Start talking today with friends and colleagues about things that really matter. You’ll be amazed at how quickly and deeply you connect.
Sharing a loss encourages your healing, while allowing another person to express him/herself also. The more we talk about our feelings, the more we create opportunities to heal.
Talking about a difficult time you’re experiencing allows you to physically get the feelings out, and it can often lead to clearer thinking for you or problem solving together.
Ask for help. This is something that is almost taboo in our culture. Glenys Carl’s son was mugged in Australia and in a coma. When she went to see him, she was alone in a foreign country and knew no one. She needed help so she literally started knocking on doors and handing out flyers. Three hundred people volunteered to help her. (She now has a non-profit agency to match volunteers with people in need.)

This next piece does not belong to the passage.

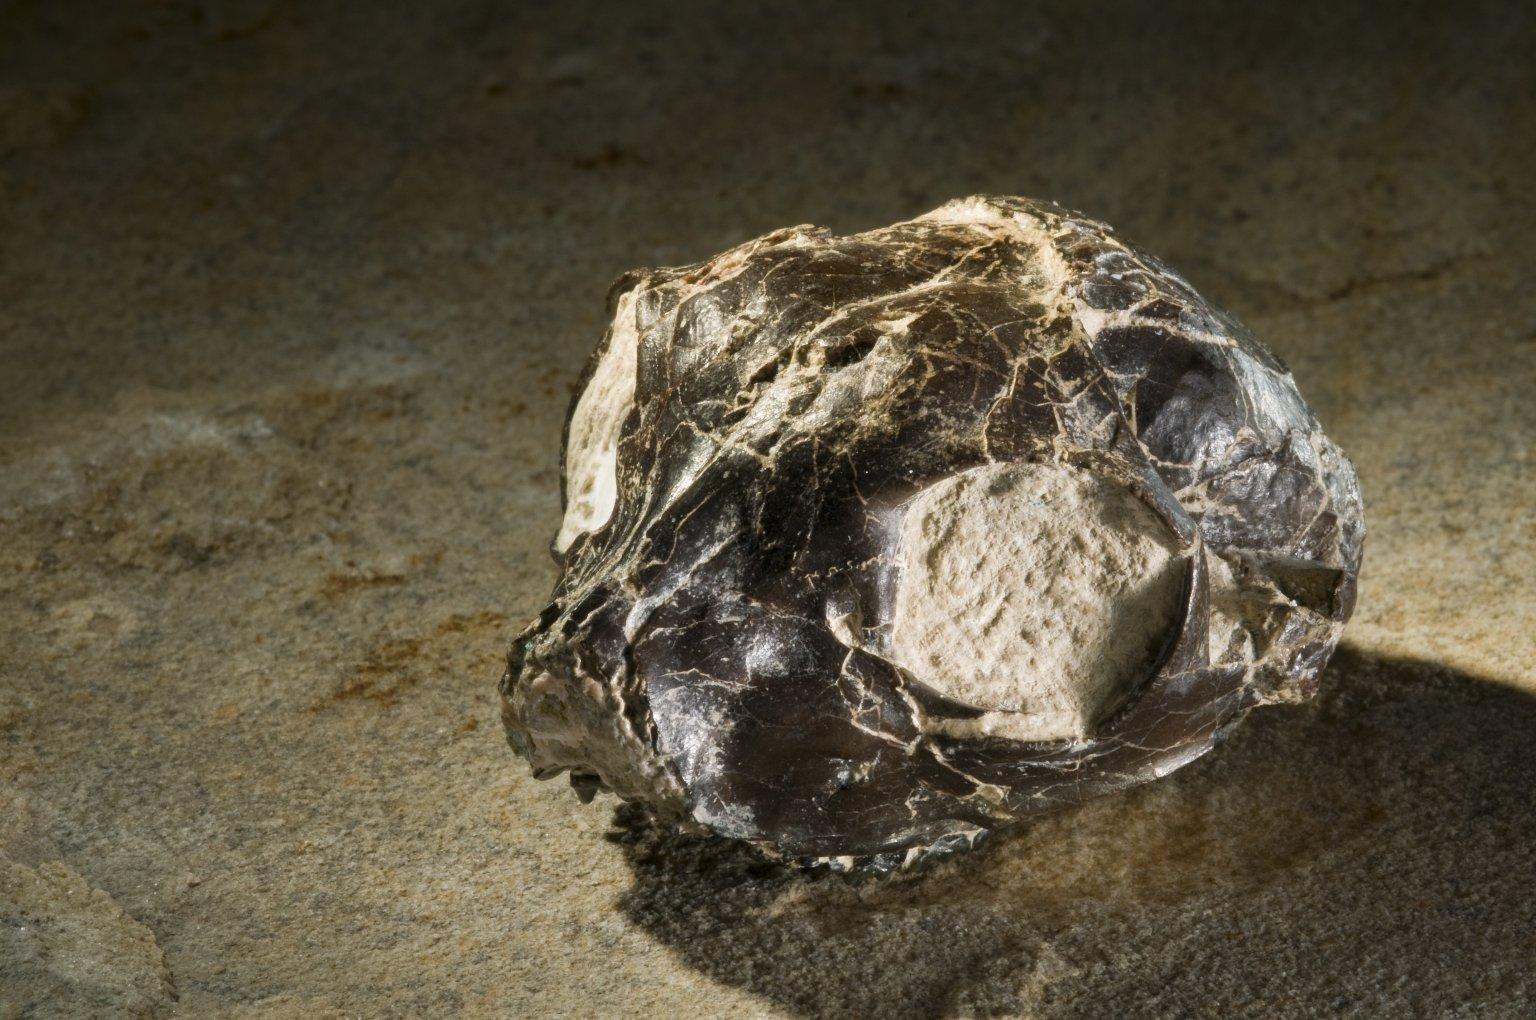 Smilodectes Gracilis Skull

If you absolutely, beyond a shadow of a doubt can’t ask for help, at least accept it when it’s offered. I find that people want to help but they don’t know what to do. Be specific. Make a list so that when someone offers, you can check your list and ask them to do your laundry or take the dog for a walk.
Some ways to start conversations:
“Do you have brothers and sisters? Are your parents still alive?” If they are find out where they live, what they do, how they are. If they aren’t ask what happened to them, how long ago, how the person dealt with the loss, and how they deal with it today.
If you know of a specific incident the person is going through, address it. “I’m sorry to hear about your (fill in the blank)—death in the family, divorce, car wreck, lost dog, grown child moving back home, etc.” (I don’t mean to imply that these things are equal—they’re just various examples.) “What are you doing to take care of yourself? How do you handle the stress day to day?” If we heard about something positive in a friend’s or colleague’s life we would mention it in a heartbeat–birth in the family, marriage, new puppy, graduation, or even a new car.
We all experience losses and grief. It’s just part of life. Sometimes the best gift you can give someone is just to listen. It seems the more intimate the story and the more vulnerable the person, the more intrusive it is to respond with a story of my own. There’s a fine line of whether I’m going to be perceived as sharing or competing. In these circumstances I ask myself whether my story will bring us closer together or further apart. Will it show that I understand what he’s saying or simply be a distraction? When you start sharing feelings, you’ll become more sensitive and know when to tell your own story.
If you’re just not at a point where you can talk about your loss, another way to relieve your stress and explore your inner feelings is to write about it. Be fearless in your writing. This is a place you can easily explore the conflicting emotions of grief.